You must either change the method to being non-const, return a const reference, or make Bar exempt of the promise by marking it as mutable. E.g.: mutable int Bar; The mutable keyword tells the compiler that the logical constness of the object does not depend on the state of Bar. Then you are allowed to do whatever you please with it.
Nope, since you cant do the following assignment:
const int x; int &y = x;
What you can do though is const int x; const int &y = x;
And of course there is no problem in overloading the method and creating both const and non-const variants.
You probably want to return Bar, not &Bar. Anyway, I dropped this code in Comeau:
class Foo
{
int Bar;
public:
int& GetBar() const
{
return &Bar;
}
};
int main(int argc, char** argv)
{
Foo x;
int y = x.GetBar();
y = 5;
return 0;
}
And got the error:
line 9: error: qualifiers dropped in binding reference of type
"int &" to initializer of type "const int"
return Bar;
^
First of all, to return a reference you don't need to use the ampersand operator on the referenced object; it is needed if you want to get a pointer to it. So, I assume you wanted to write return Bar;.
Then, no, you can't do that; in a const method you have a const this pointer (in your case it would be a const Foo *), which means that any reference you can get to its fields1 will be a const reference, since you're accessing them through a "const path".
Thus, if you try to do what you did in that code you'll get a compilation error, since you'd be trying to initialize an int & (the return value of your method) with a const int & (the reference you get from Bar), which obviously is forbidden.
g++ actually says:
testconstref.cpp: In member function ‘int& Foo::GetBar() const’:
testconstref.cpp:9: error: invalid initialization of non-const reference of type ‘int&’ from a temporary of type ‘const int*’
which is what I just said. :)
If, instead, you return a const reference to a class field from a const method you'll have no problem.
Excluding fields marked as mutable, which tells to the compiler that such fields are modifiable even from const methods; this exception has been introduced to allow const methods to change the "real" state of the object in cases when this do not alter its "logical" state; this can be useful to implement lazy evaluation, reference counting, ...
The members of your class are considered const when you are in a const method.

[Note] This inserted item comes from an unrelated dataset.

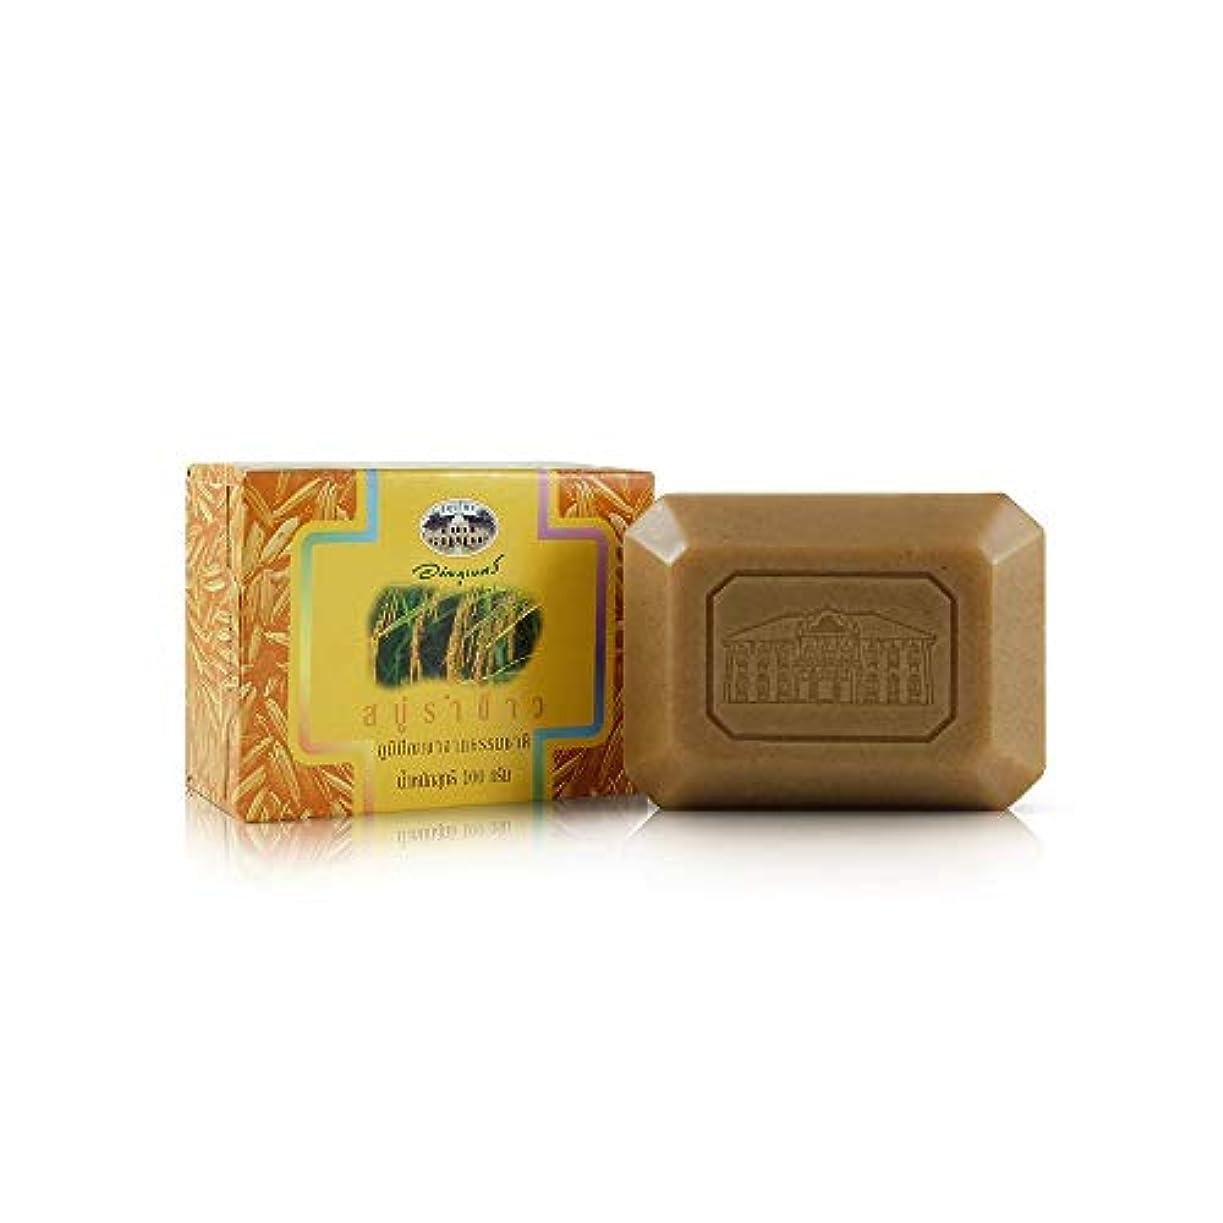 期限黒くする地元Abhaibhubejhr Rice Bran Herbal Body Cleansing Soap 100g. Abhaibhubejhrライスブランハーブボディクレンジングソープ100グラム。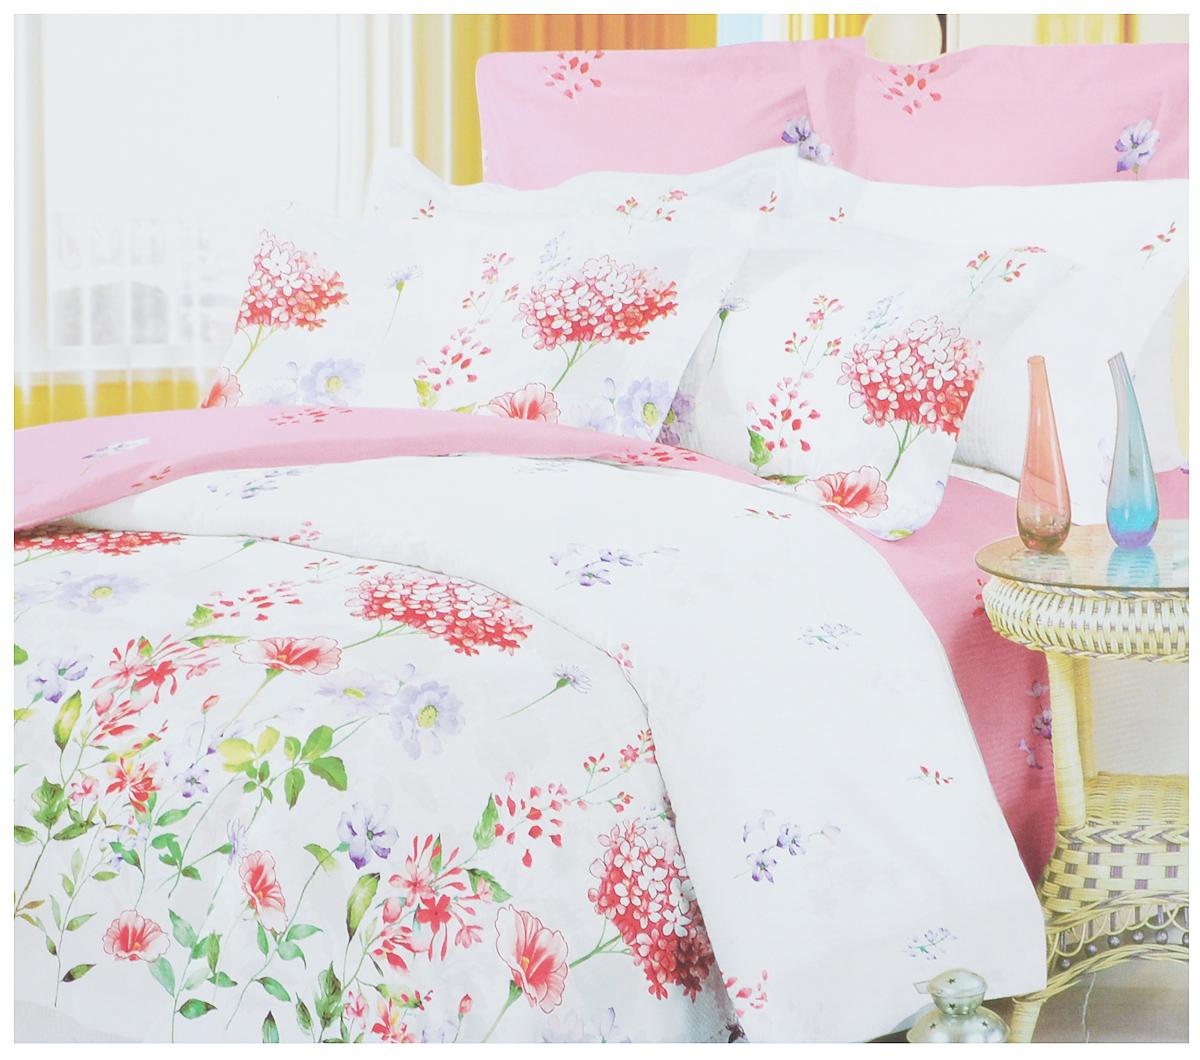 Комплект белья Primavera Утро, 1,5-спальный, наволочки 70x70, цвет: розовый, белый88263_розовыйРоскошный комплект постельного белья Primavera Утро выполнен из качественного плотного сатина и украшен оригинальным цветочным рисунком. Комплект состоит из пододеяльника, простыни и двух наволочек.Сатин - это ткань из 100% натурального хлопка. Мягкость и нежность материала создает чувство комфорта и защищенности. Классический натуральный природный материал делает это постельное белье нежным, элегантным и приятным. Приобретая комплект постельного белья Primavera Утро, вы можете быть уверены в том, что покупка доставит вам и вашим близким удовольствие и подарит максимальный комфорт.

So although Bar is int within your class and not const int, in the context of GetBar() const it is "const int". Therefore returning it as a non-const reference or pointer is just as illegal as doing:
const int y = 57;
int& z = y;
This breaks const-correctness even though the 2nd line has not actually changed anything (yet) in y.
Note incidentally that if your class has pointer members the only thing that is const is the pointers themselves and not what they point to. (Often referred to as "shallow" constness)
Thus this would be legal:
class A
{
Foo * foo;
public:
Foo * getFoo() const // legal. does not have to return const Foo *
{
return foo;
}
};
Note that in your original code you would be allowed to return Bar by non-const reference if it were mutable, because those members are not bound by the constness of member functions.
const modifier to a member function doesn't allow to change the object's state with in it's scope. Compiler just checks whether this function is modifying the state of the object or not in its scope. Taking another example -
class foo
{
int num ;
public :
foo( int anum )
{
anum = 10;
}
int getNum()
{
return num;
}
};
foo obj;
int& myNum = obj.getNum() ; // myNum is just an alias to the private class variable num
myNum = 40; // Actually changes the content of the private variable.
So, compiler just checks access specifiers ( i.e., whether this variable is accessible or not in this scope) but not about the private/public/protected variable's memory location if returned to some other variable.